Dorobiłam się ciut lepszego aparatu, więc mogę Wam pokazać co nieco z mojej małej kolekcji.
Dziś przedstawiam moją ulubienicę Julię o platynowych włosach oraz jej starszą siostrę Kasię ;)
Julia:
Ona jest wprost cudowna. Jej włosy są ślicznego platynowego koloru, bardzo miękkie i takie miłe w dotyku... Twarz o delikatnej urodzie i przecudnych zielonych oczach. Zachwycam się nią od tygodnia :D
Jej tożsamości mattelowskiej nie znam. Na plecach oznaczona 1966 Mattel, Inc. CHINA, głowa rok 1998. Ponadto posiada z tyłu suwak, który przesuwany porusza rękami lalki. Domyślam się, że to jakaś tańcząca Barbie, ale moje poszukiwania nie przyniosły rezultatu. Może ktoś z Was wie?
Katarzyna:
Ta Barbie wydała mi się w pierwszym momencie trochę śmieszna. Jej plastikowe ciało pajacyka jakoś nie pasowało mi do ślicznej, emanującej kobiecością i gracją Barbie.

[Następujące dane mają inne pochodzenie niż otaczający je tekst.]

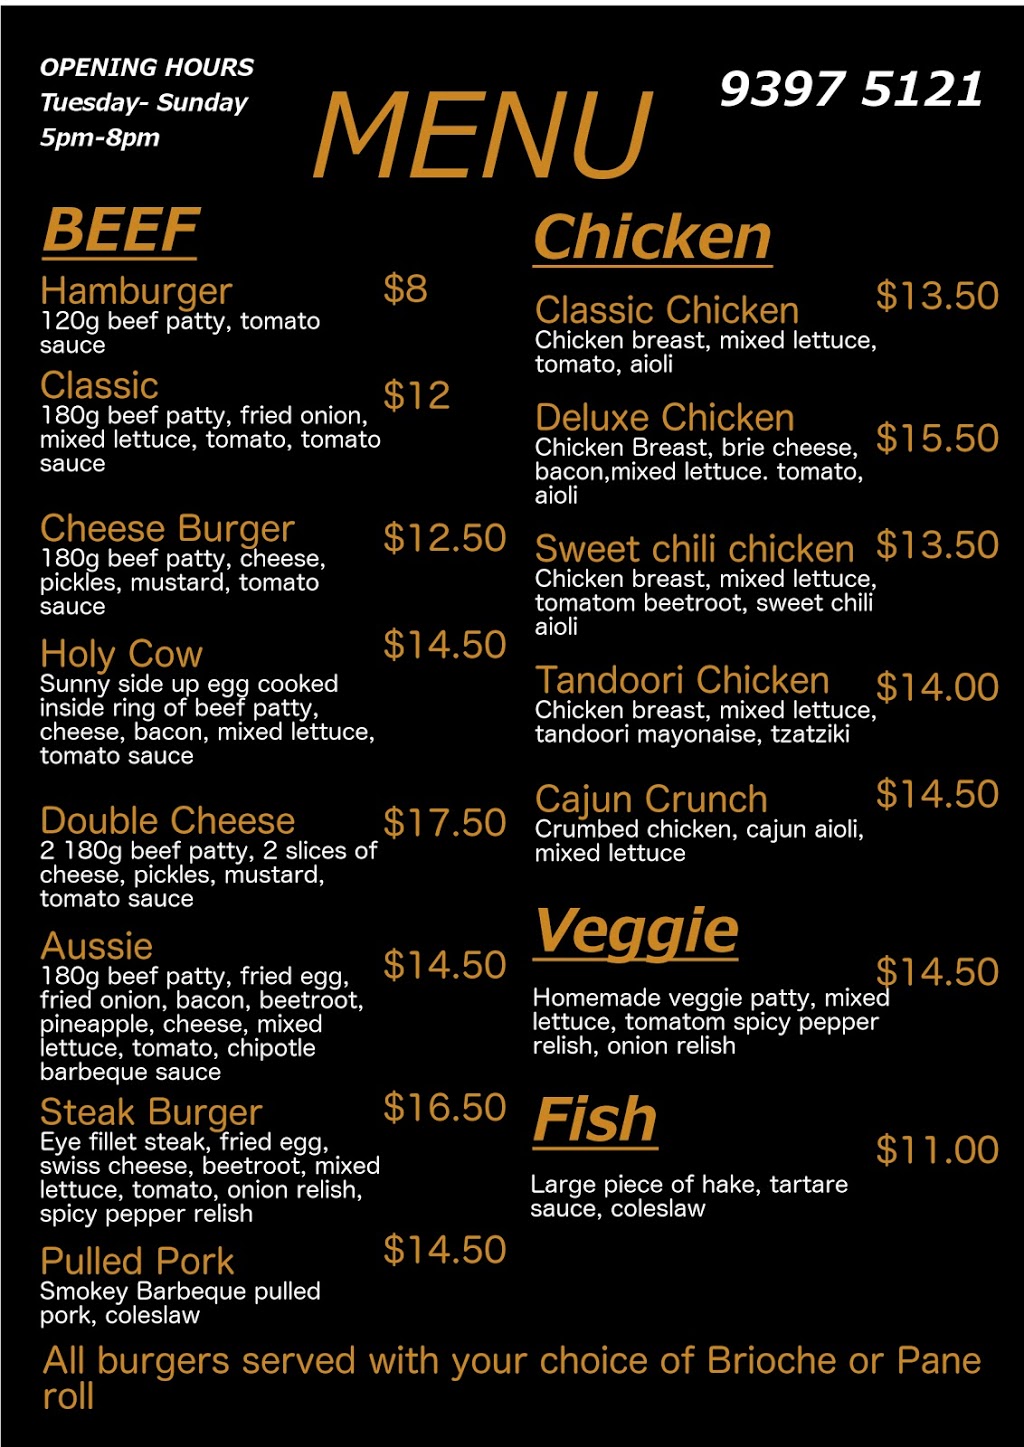 Roleystone Fish & Chips | restaurant | 6/21 Jarrah Rd, Roleystone WA 6111, Australia | 0893975121 OR +61 8 9397 5121

Do tego te ogromne stopy :D Skojarzyła mi się ze sportsmenką, dlatego też w pierwszych dniach po zakupie dostała ode mnie dres, w którym nawet było jej do twarzy. Teraz jednak ubrałam ja w sukienkę i muszę przyznać, że tak całkiem chłopięco to ona nie wygląda :)
Trafiła do mnie w opłakanym stanie, brudna o niemiłym zapachu. Pewnie wszyscy to znacie. Kilka kosmyków włosów znad czoła ma skróconych, a ogólny stan czupryny też nie jest zadowalający. Tożsamość jak lalki powyżej - nieznana. Oznaczona na pleckach rokiem 1993, CHINA, a głowa rok 1975 lub 76.
Co do strojów: pierwsza lalka jest w oryginalnej sukience, druga nie. Różowa opatrzona metką Barbie Genuine, może ktoś wie, z jakiej lalki pochodzi?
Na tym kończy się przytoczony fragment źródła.